The data:
============
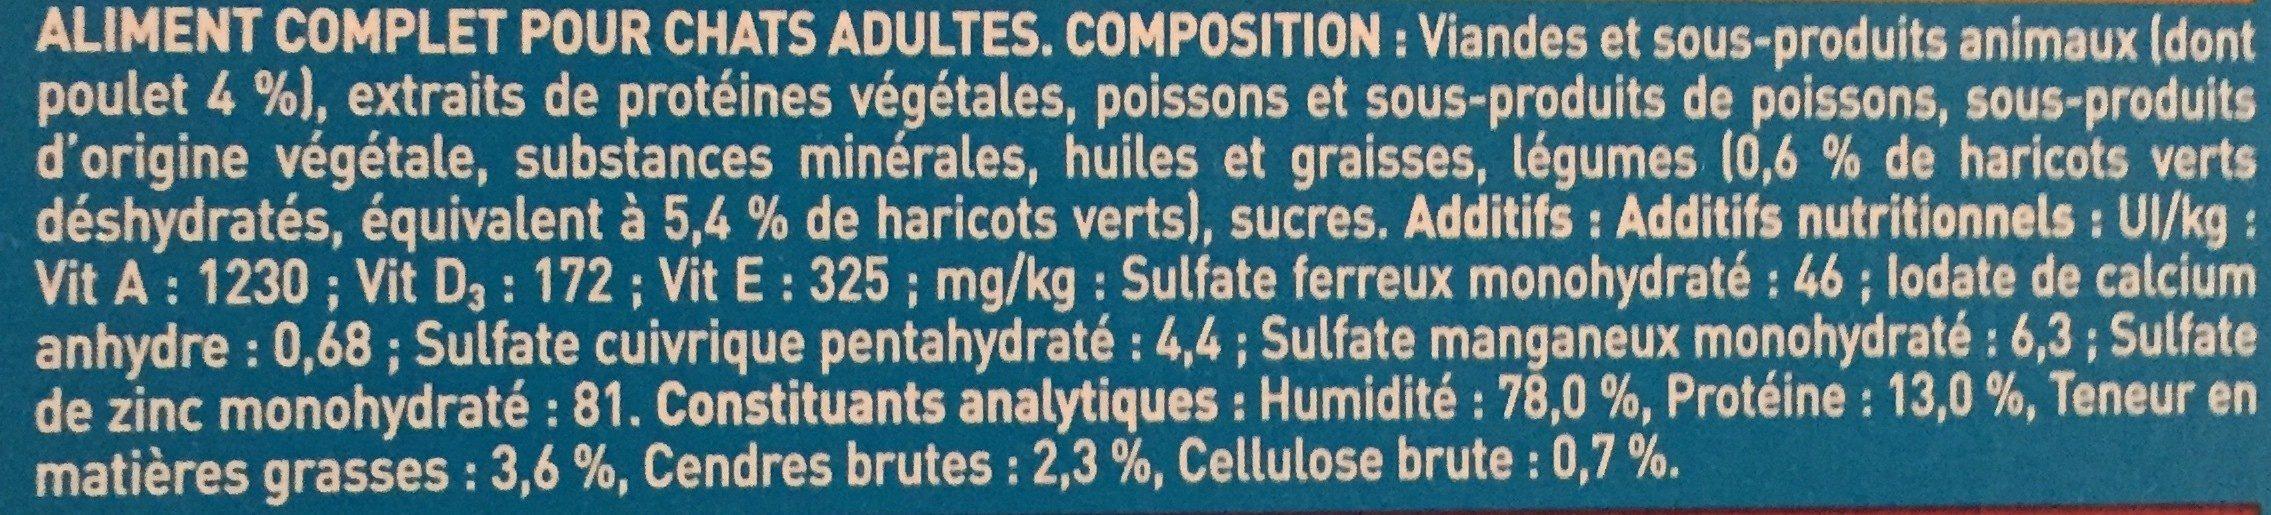 Effilés en sauce - Ingredients
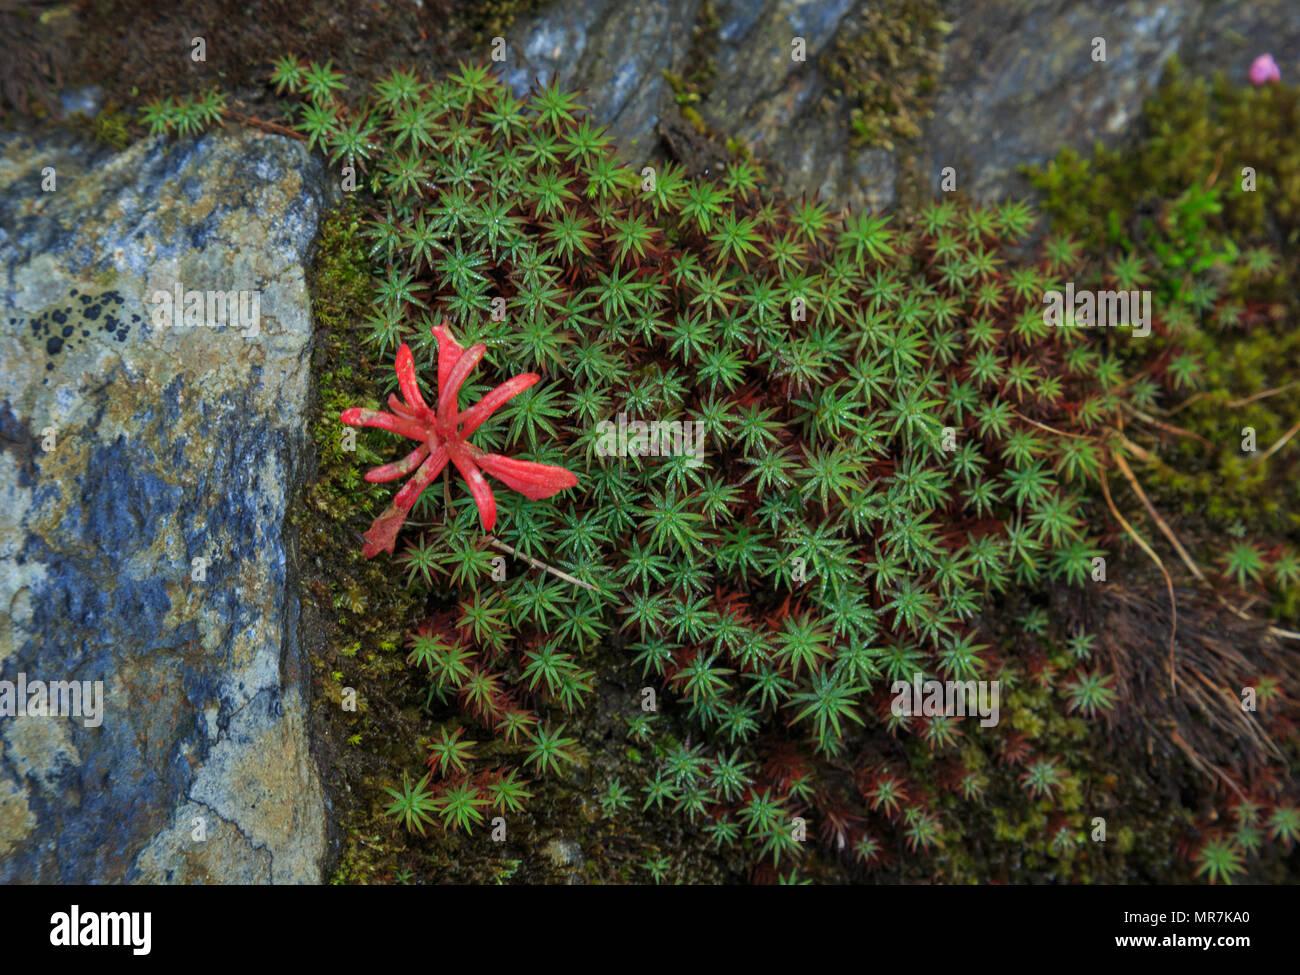 Moss growing on the wet rock - on the way to Jalori Pass (Himachal Pradesh, India) - Stock Image
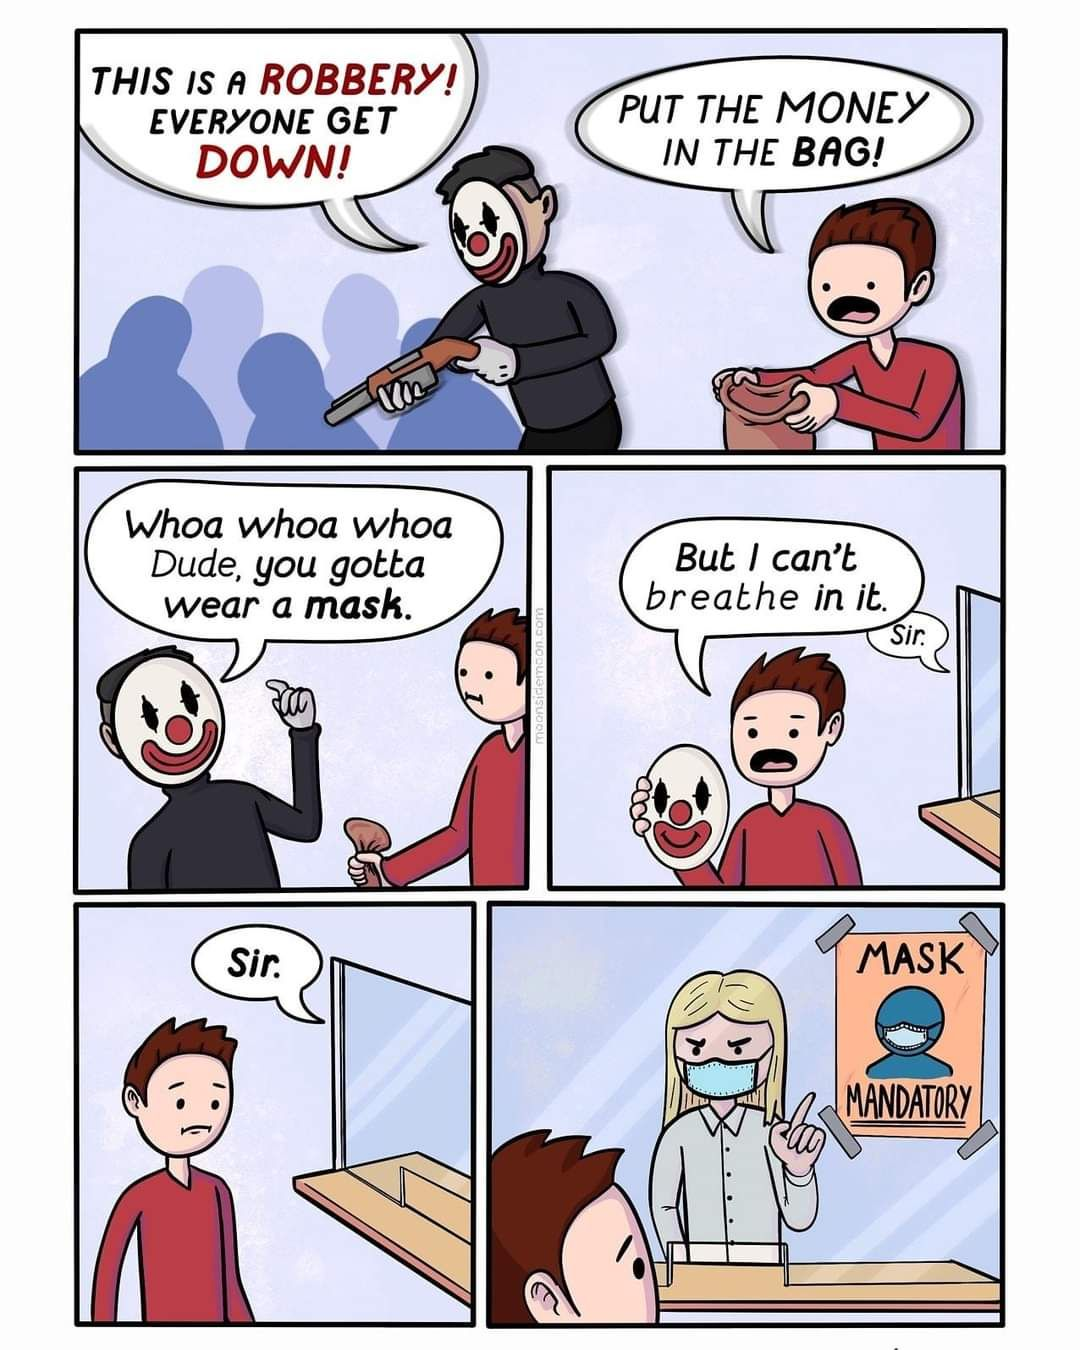 Wear mask everyone
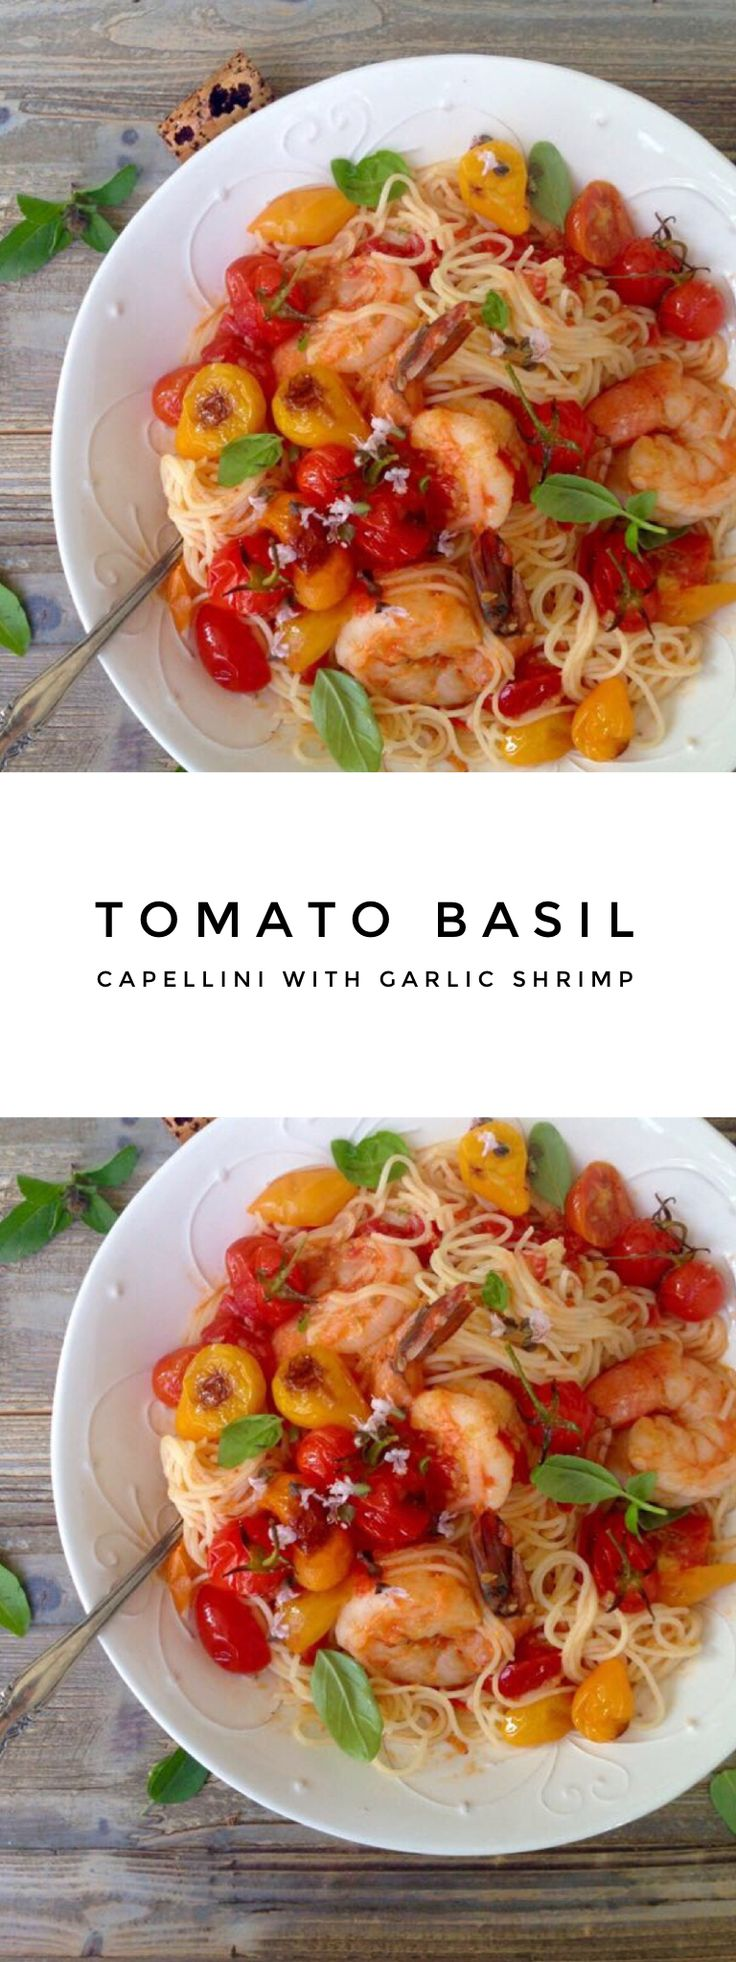 Tomato Basil Capellini Pasta with Garlic Shrimp | CiaoFlorentina.com @CiaoFlorentina
============
Required action: Apart from the images, reproduce the listing exactly as it appears.

Answer space:
 Effilés en sauce - Ingredients
 Moss growing on the wet rock - on the way to Jalori Pass (Himachal Pradesh, India) - Stock Image
 Wear mask everyone
 Tomato Basil Capellini Pasta with Garlic Shrimp | CiaoFlorentina.com @CiaoFlorentina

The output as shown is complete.